My very first real life bona fide job was working for Dr Phillip Chitwood at his veterinary clinic. In high school I had worked at Sonic for a few weeks and hauled hay for several summers, but Dr Chitwood was my first professional type job. I think it was in the summer of 1993 when I started to work there. This was before the new bypass was built. His old clinic was at the end of the bypass where the highway department is now, when the bypass was built he built his new clinic at the current location in town by Taco Bell.
I was a first year student at Carl Albert State College and I was a prevet major, so I was super excited to get to work for him. I will never forget he gave me some sort of test the day I interviewed for the job. After I took it he said the test told him I was honest. I’ve never had to take a test like that since.
Not long after I began working at Dr Chitwood’s vet clinic he brought me to the surgery preparation room to prep a cat for spaying. He gave the cat a shot and then told me in a very stern voice, “Now James make sure this cat keeps breathing while you shave its belly.” There was a little door that swung both ways so people could go up front to where the front office and exam rooms were. I was shaving that cat’s belly and trying to do a good job when I heard people laughing. The entire crew that worked at the clinic was peering through the little window in that door that went up front. When I spotted them they all came in where I was. Dr Chitwood walked in and said, “James, is that cat still breathing?” I looked at it, and sure enough it wasn’t. I was mortified. About that time the entire staff started laughing their heads off. It turned out that the cat was an old stray that was brought in to be put down. Dr Chitwood and the staff had a good laugh at my expense.
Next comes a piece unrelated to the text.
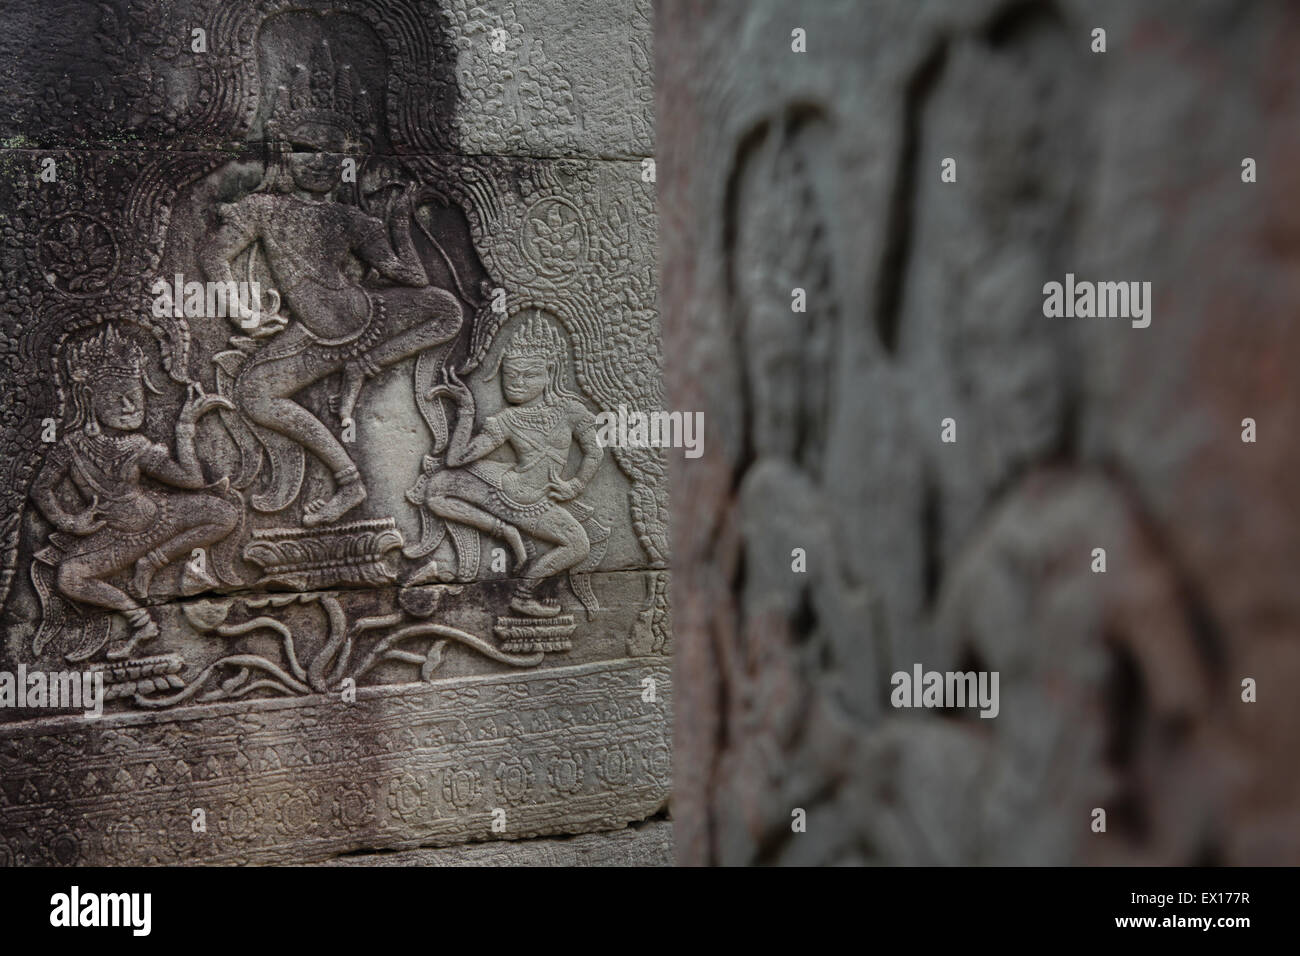 Details der Apsara Reliefs am Tempel Säulen der Prasat Bayon Tempel Angkor Thom, Siem Reap, Kambodscha. Stockfoto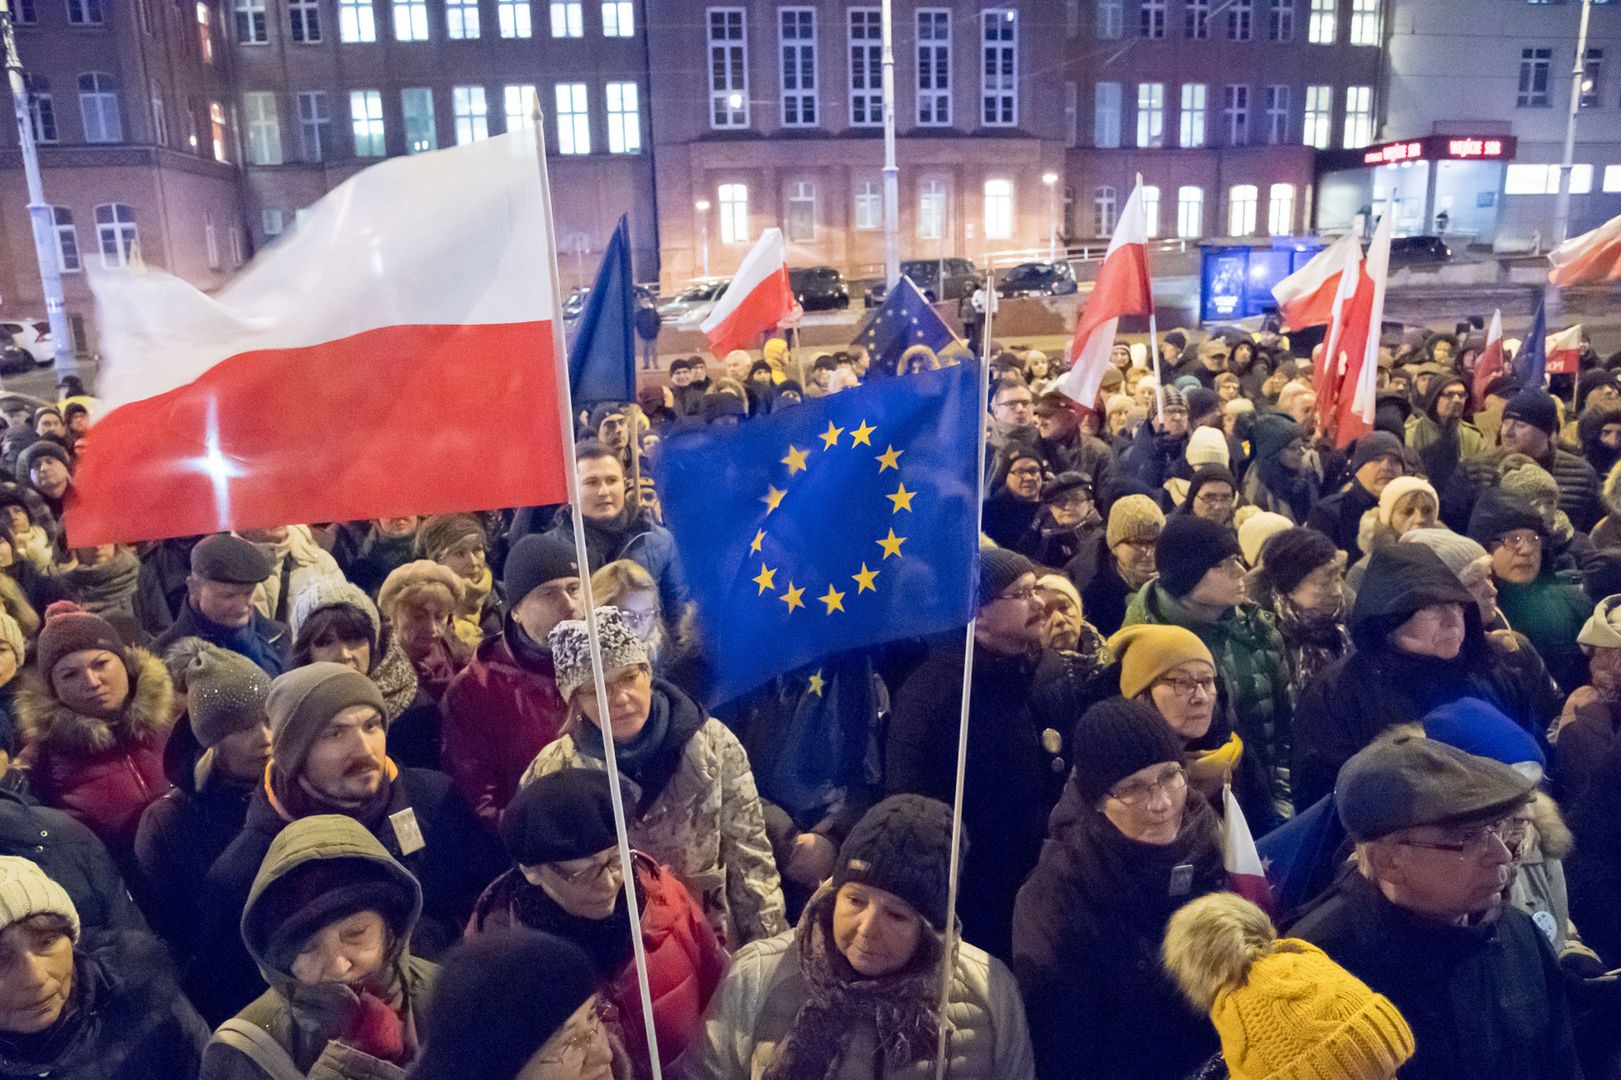 BBC analizuje sytuację w Polsce. "Mogą wyjść z Unii Europejskiej"

That fall on the opening day of dove season Dr Chitwood’s son went dove hunting with a bunch of his friends. He proceeded to shoot himself in the big toe with his shotgun. When he came to the clinic Dr Chitwood pointed out that his son wore his hunting boots, and now they had a hole shot in them.
A few months later we had a big old holstein cow that had to be milked every morning. She moved very slow and most mornings she absolutely refused to walk into the squeeze chute. One morning she stopped as I was driving her down the alleyway that led into the squeeze chute. There was a little pipe gate in the alley, so I grabbed it and slammed it into her butt as hard as I could. She kicked with both back feet and the gate hit me on the end of my nose. Her kick knocked me down, but I caught myself on the pipe fence as I was falling backwards, otherwise I probably would have busted my head open. I’d been in several fistfights in school and no one ever came close to hitting me as hard as what that cow did.
I rolled around on the ground for a minute, my nose squirting blood and my clothes getting covered in cow manure. Once I got my senses gathered I stumbled into the back door of the vet clinic. Dr Chitwood had me lay down on an old couch in the medicine room. Once my nose stopped bleeding he had me get up and go deal with the cow and clean up the blood my nose had dripped in the hallway of the clinic. I used the hot shot on that danged cow, and didn’t get anywhere near her back feet, I’d learned my lesson on that. Once the cow was cared for he looked my head over good and then he said he thought the gate missed the bone in my nose, so he didn’t think my nose was broke. The next morning when I came to work I showed everyone that I could push on the end of my nose and my two front teeth would move. I think that cow broke the front of my face where my teeth attach to my skull. Ever since the cow kicked me in the face my front teeth don’t line up with my bottom ones, it makes it hard to bite beef jerky or eat a tough steak to this day.
One time we had to do a surgery on a huge bull. The bull was a Santa Gertrudis type with a lot of sheath from under his jaw all the way down underneath him. The briars had caused the bull’s sheath under his belly to become infected, so Dr Chitwood basically cut off the infected part. I held the part that was being removed. Dr Chitwood would cut a little bit, then sew a little. It took us over an hour to complete the surgery. I will never forget when the last little sliver of tissue was cut, the part I was holding in my hands died. I felt the life go out of it. I had never felt anything die before and it kind of bothered me. I had a very in depth conversation about heaven and all living things with Dr Chitwood that day.
Of all the conversations I had with him over our thirty year friendship, that is the one I will always remember. He was always active in church, he went out of his way to invite me to church almost every time I saw him.
All living things, heaven and hell, that conversation in the back of the vet clinic that day had a huge impact on me. Exodus 18 teaches us to surround ourselves with many advisors. Dr Phillip Chitwood was a great one for me, I’m sure going to miss him.
James Lockhart lives near the Kiamichi mountains in southeast Oklahoma. He writes cowboy stories and fools with cows and horses.